Allasani Peddana (అల్లసాని పెద్దన) (15th and 16th centuries CE) was a famous Telugu poet and was ranked as the foremost of the Ashtadiggajalu, the title for the group of eight poets in the court of Emperor Krishnadevaraya, a ruler of the Vijayanagara Empire.

Biography
There were difference of opinions on birth place of

Allasani Peddana..

1.He is the native of Pedda dornala of present prakasam district which is near to Srisailam..

2.Peddana was a native of Somandepalli near Anantapur. He later moved to Peddanapadu, a small village located at 5 km from Yerraguntla on Yerraguntla-Vempalli road in Kadapa District, which is an Agraharam given by Krishnadevarayalu.

He wrote the first major Prabandha, a form of fictional poetry in Telugu, and for this reason, he is revered as Andhra Kavita Pitamahudu (the grand father of Telugu poetry). It is believed that he was also a minister in the king's court and is hence sometimes referred as Peddanaamaatyudu (Sandhi: Peddana + Amaatyudu = Peddana, the minister). He dedicated his works to king Krishnadevarayalu.

Lores
 The emperor himself lifted and bore the weight of the palanquin in which Peddana was seated.
 He was bestowed with Kanakabhishekam by the king.
 He was the only poet who had the privilege of mounting the royal elephants.
 On the demise of  Sri KrishnaDevaRayalu the poet Peddana expressed his profound sorrows telling that " Atti Krishna Rayala thoti divikegaleka brathiki yundithi jeevatchavambu naguchu "
Meaning I became a living dead by not going to heaven along with Sri Krishna Deva Raya .

Works
His famous work was Swaarochisha Manu Sambhavam (also known as Manu Charitramu).
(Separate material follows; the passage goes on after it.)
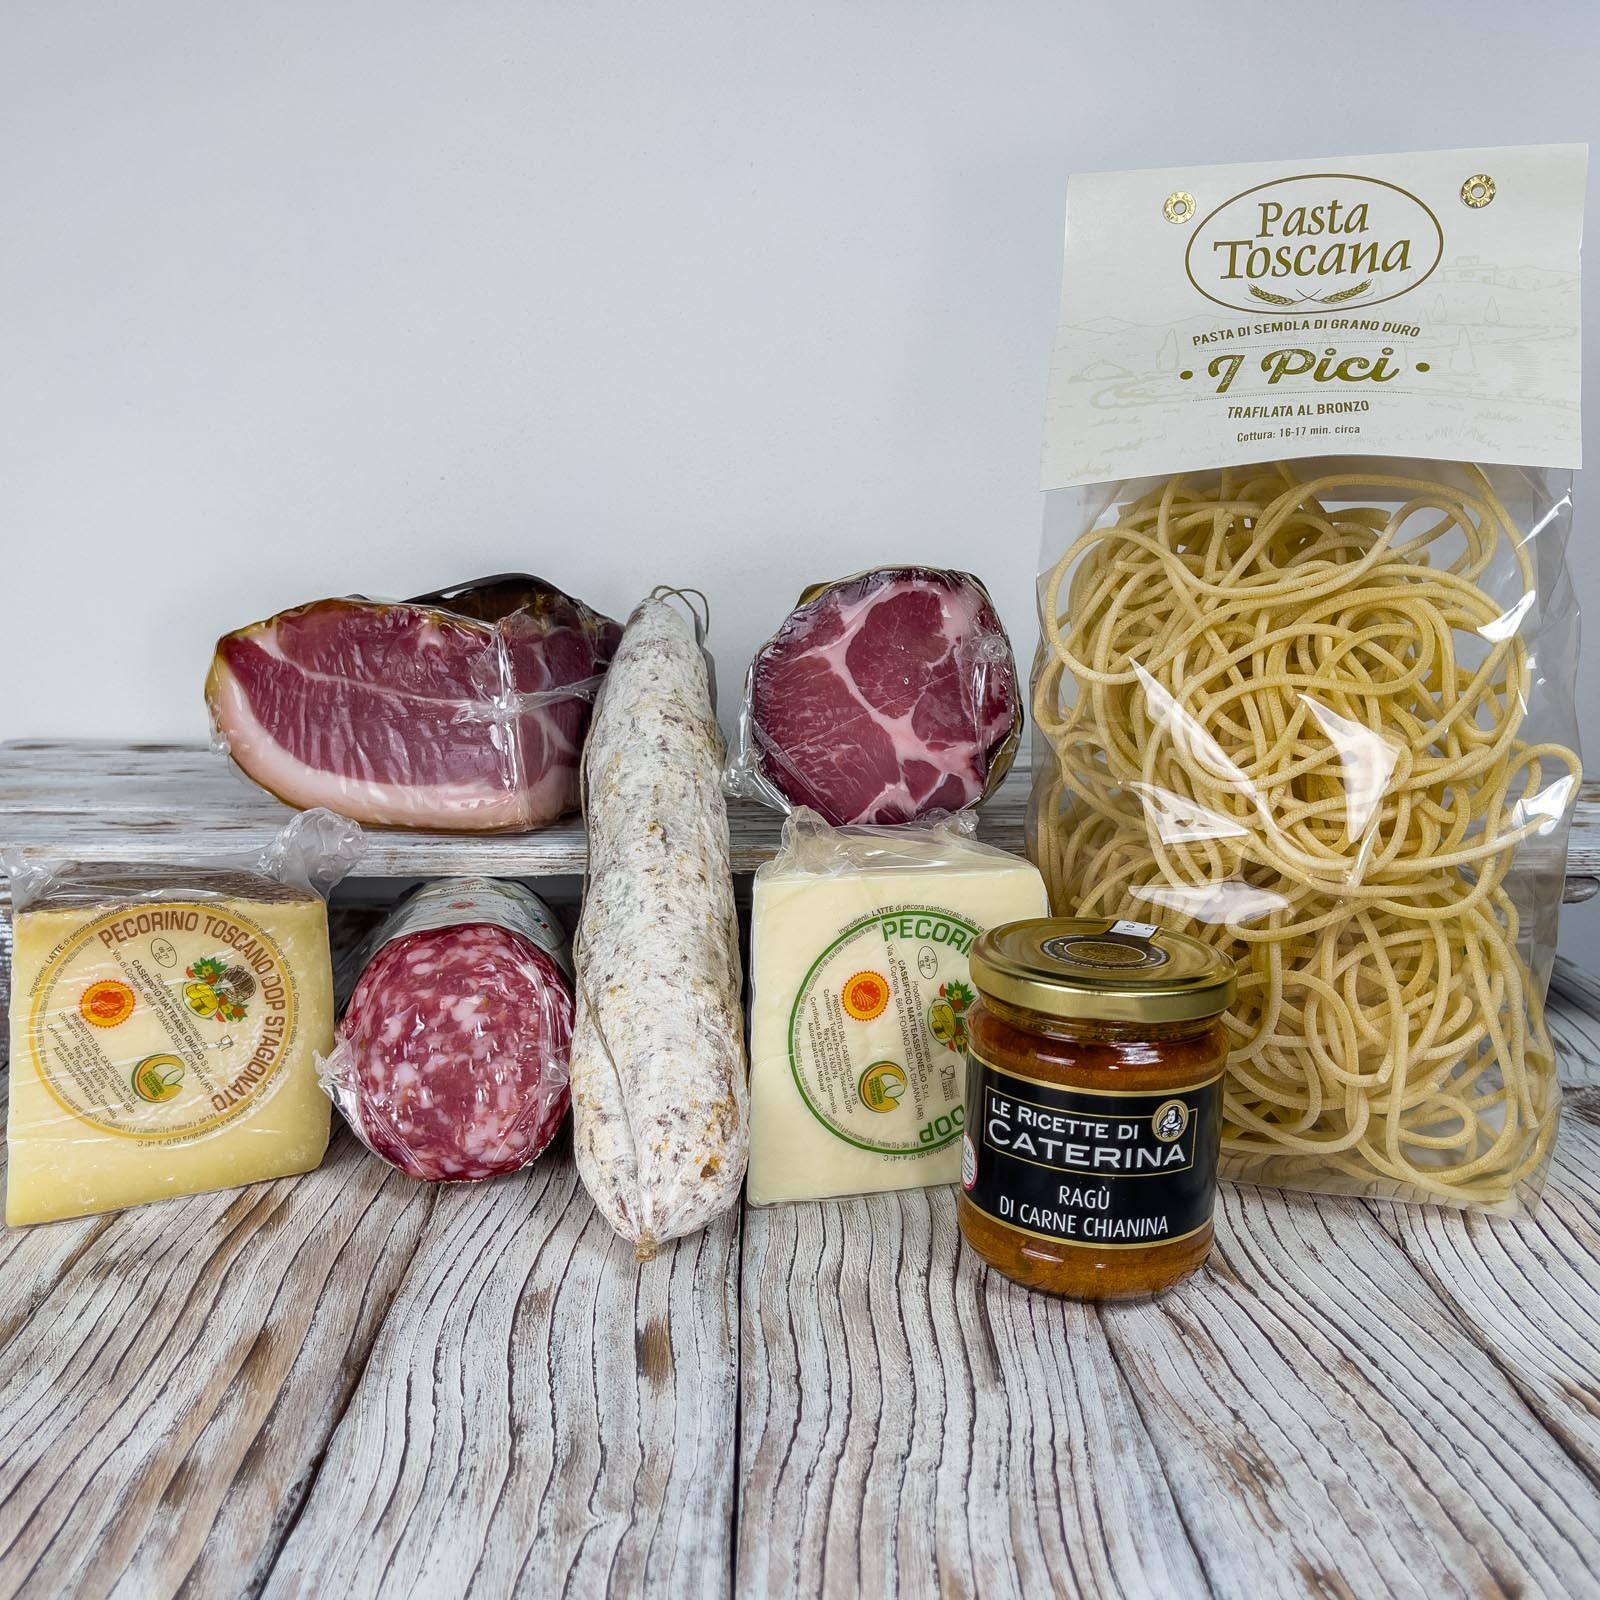 The Tasting Box - “I Sapori Della Valdichiana” is made up of a selection of products for a total of about 4.2 kg. Perfect for preparing a huge platter of Tuscan cold cuts and cheeses as an appetizer and “Pici” with Chianina Meat Sauce a quality first course.

This work is the development of an episode in Markandeya-purana relating to the birth of Svarochisha-manu, who
is one of the fourteen Manus. Pravaa, a pious Brahmin youth. goes to the Himalayas for sightseeing. In he Himalayas, a Gandharva woman called Varudhini falls in love with him, but Pravara rejects her love as he is already married. Knowing this, a Gandharva youth who was earlier rejected by Varudhini, assumes the form of Pravara and succeeds to win her love. To the couple is born Svarochi, the father of Svarochisha-manu.

Some of his other famous works such as Harikathaasaaramu are untraceable now.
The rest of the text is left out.